In its Rail Needs Assessment for the much-anticipated Integrated Rail Plan, the National Infrastructure Commission (NIC) set an £86.2 billion 25-year rail enhancement budget for the Midlands and North. The NIC even suggested that government could – and perhaps should – increase this budget by 25%, making a total of £107.8 billion.
But what would rail enhancement budgets for the rest of England and for Wales look like if they were set on a similar basis?
This is the question that Greengauge 21 has set out to answer in its report “Setting Regional Budgets for Rail Investment”.
The NIC approach allocated the North and Midlands budget shares of the national total based on population levels. Greengauge 21 applied the same approach for the rest of the country and found that, while the population of the South and East of England plus Wales is greater than that of the North and Midlands (56% against 44%), the rail enhancement budget would be much lower: just £25 billion.
So why doesn’t the greater population level of the South and East generate an even larger budget allocation than the less populated North and Midlands?
The answer is that, before making its headcount-based computation, the NIC took into account the programme of prospective major rail enhancements visible in the ‘pipeline’. It found some very big projects for the North and Midlands, especially once the full cost of HS2 as well as Northern Powerhouse Rail is allocated there.
By way of contrast, the South and East have few rail enhancements in prospect. And by far the largest, Crossrail 2, has now been put on ice. According to the NIC, its budget is already largely re-allocated elsewhere, so is not available to be added to the enhancement budget for the South and East in the way that HS2 and Northern Powerhouse Rail budgets were added in for the North and Midlands.

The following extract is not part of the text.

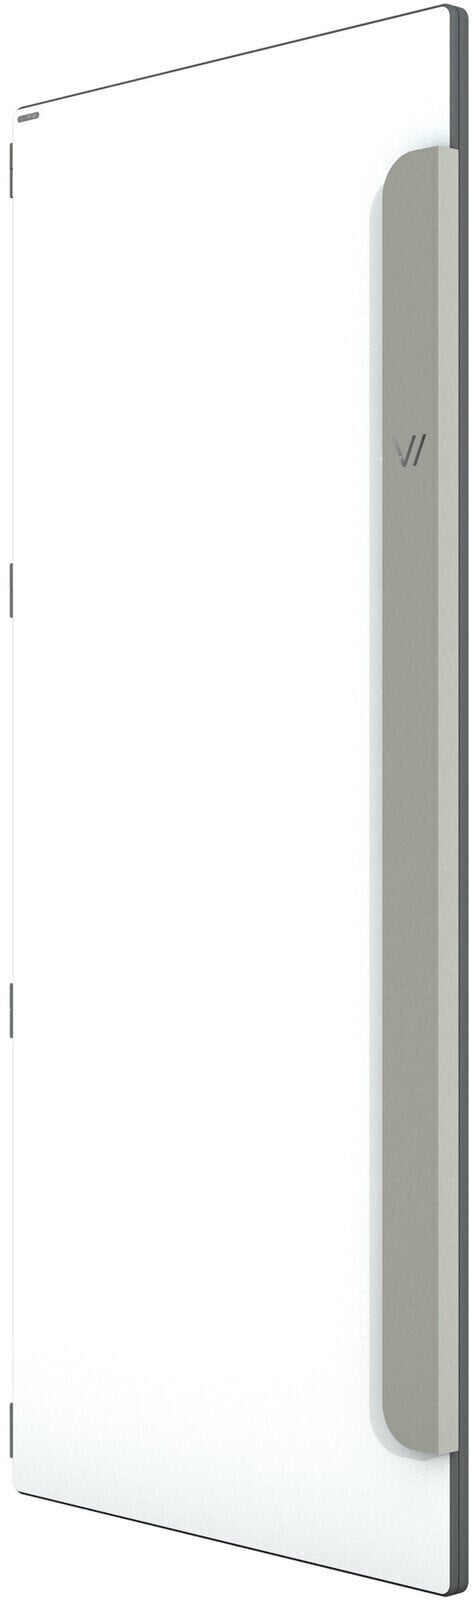 Portable acoustic panel Vicoustic VicBooth Ultra Flat Door White Mate White (Damaged)
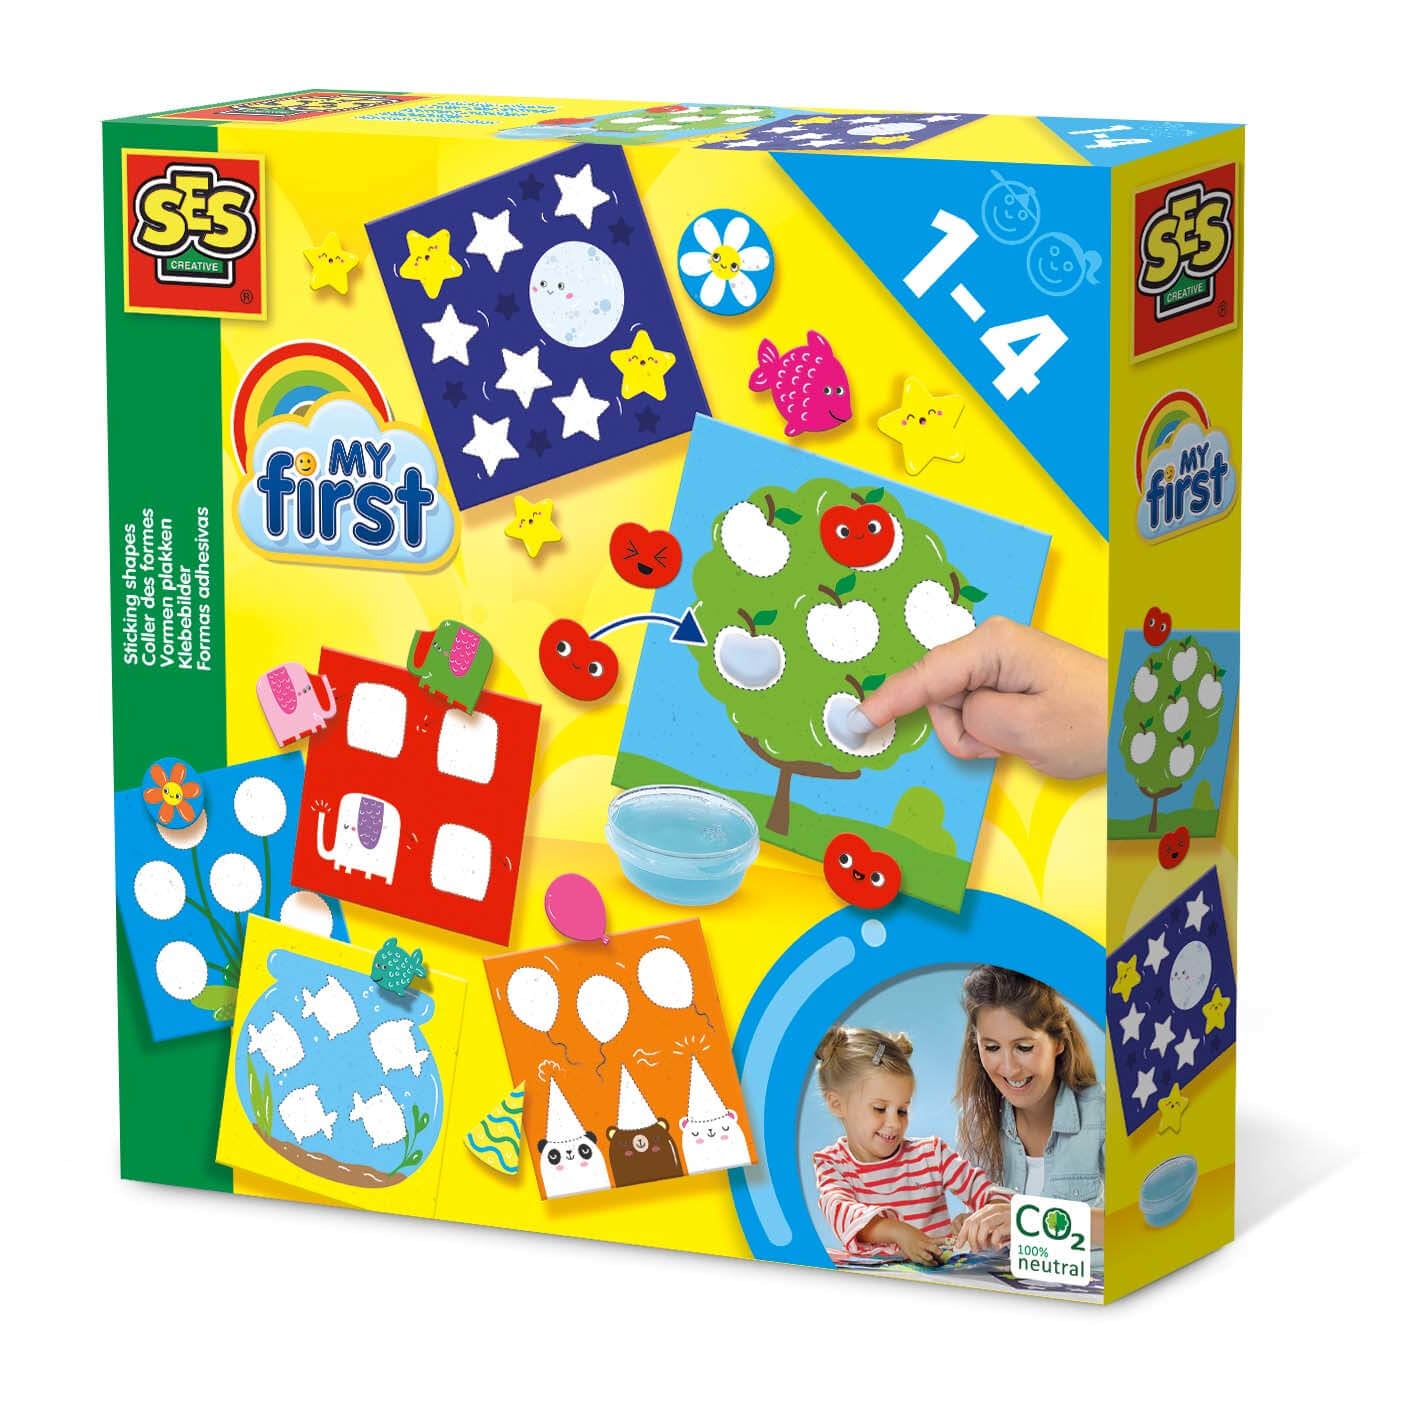 SES Creative - Toys, Crafts & Games - Cogs Toys and Games Ireland

There are some – smaller – budget add-ons for the South and East and Wales. The East-West Rail project is one; completion of the Great Western Electrification project is another. These add up to an estimated £6 billion, making an overall total of £25 billion. The way these funds would lie across the regions of the South & East and Wales is set out in the table below:
The allocation to London and its adjoining regions is modest by the standards of the last 20 years, during which time the Overground, Thameslink and Crossrail have been built. These projects, working together, will give the capital and the wider South East a tremendous post-COVID connectivity boost. But, looking ahead, Transport for London is going to need to look for smaller-scale investments on its part of the national rail system.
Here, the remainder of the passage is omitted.